One example from my own experience is a system deployed to Unix servers which had a standard directory structure except for the root directory that differed across environments. In my investigation I discovered that the reason for the difference was that the test server contained two separate test environments, each of which therefore required a different root directory. I considered this a valid reason given the existing hardware at the time. When the opportunity arose, I suggested that an additional test server be added and the second test environment moved to it to allow the paths to be standardized.

To handle unavoidable environmental differences, I recommend encapsulating them within the software to isolate these differences from the rest of the system. The specific mechanism will vary depending on the technology being used and the particular difference being addressed. I discuss some of these mechanisms in my article Designing for Deployability.
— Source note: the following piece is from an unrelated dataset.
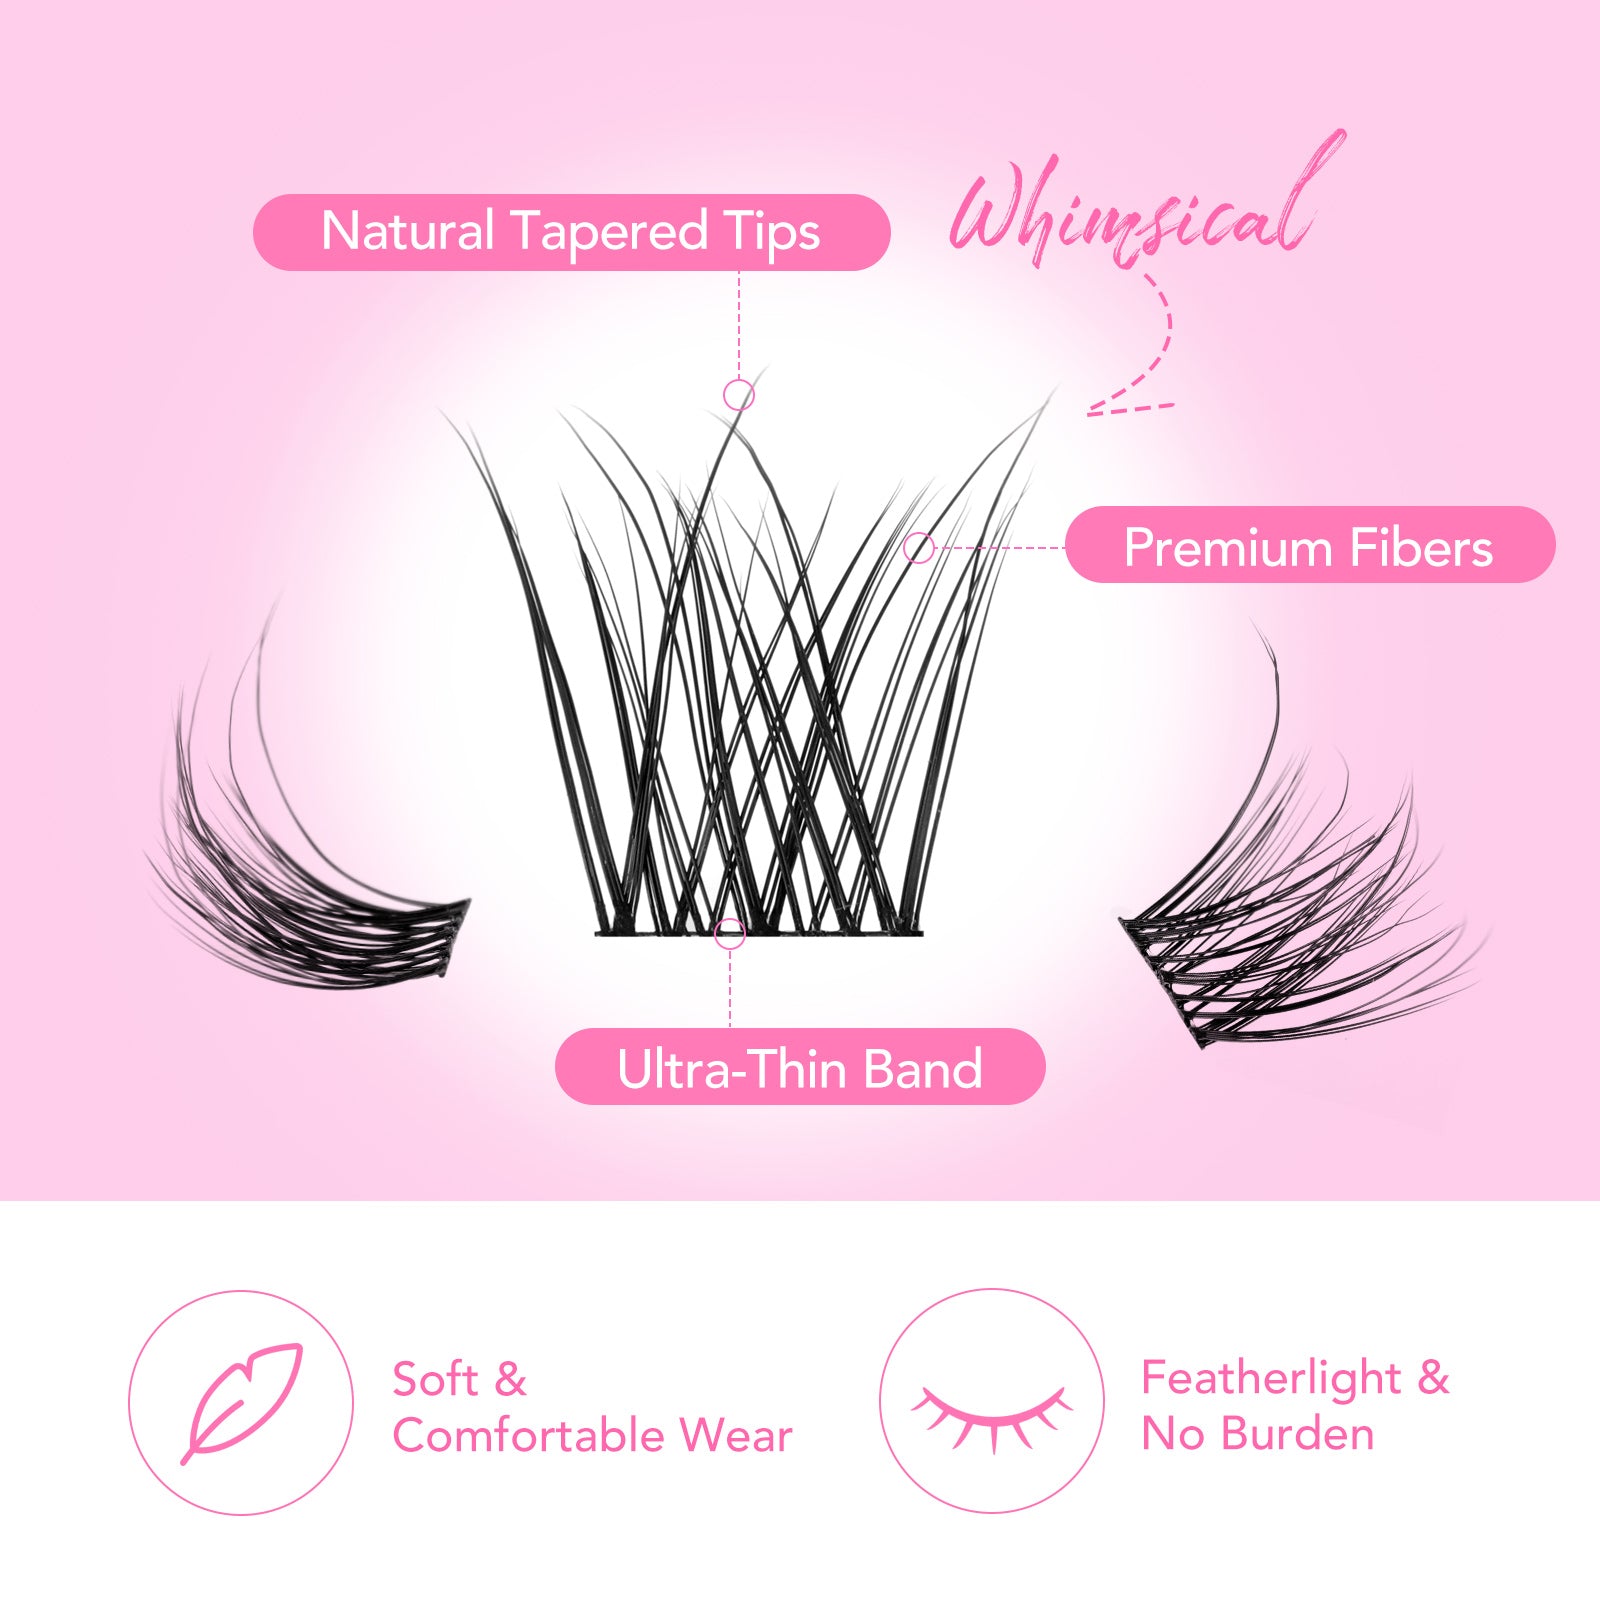 Whimsical DIY Cluster Lashes

The goal you should aim for is to be able to deploy the software using a simple, automated process. For deploying code, this typically means an automated script that takes the output of the build process and copies it to the appropriate location (usually on another server) for the environment you are deploying to.

In an earlier article on Deploying Application Changes, I distinguished between full deployments where the entire application or component is deployed as a unit, and partial deployments in which only the delta - the pieces that have changed - is promoted. As I discuss in that article, there are advantages and disadvantages to either approach. Within a single application, I prefer the full deployment approach. When multiple applications are involved, especially across multiple support or business units, I prefer to have the option of partial deployments. If separate applications are too-tightly coupled, then changes in one will require changes in the other, which then requires that both applications be deployed together. So high coupling between applications reduces the ease of deployability of each individual application. Clearly defined interfaces help minimize coupling, and if the changing application maintains backwards-compatibility of its interface, the other application will then not need to change, or can choose to change on its own time line.

Like most non-functional requirements, deployability is often neglected or overlooked during application development. Inexperienced or rushed developers can create systems that work great in development, but have many problems in the test or production environments due to issues with deployment. The absence of a defined and preferably automated deploy process or problems in testing due to environment differences are warning signs that more attention to deployability is needed.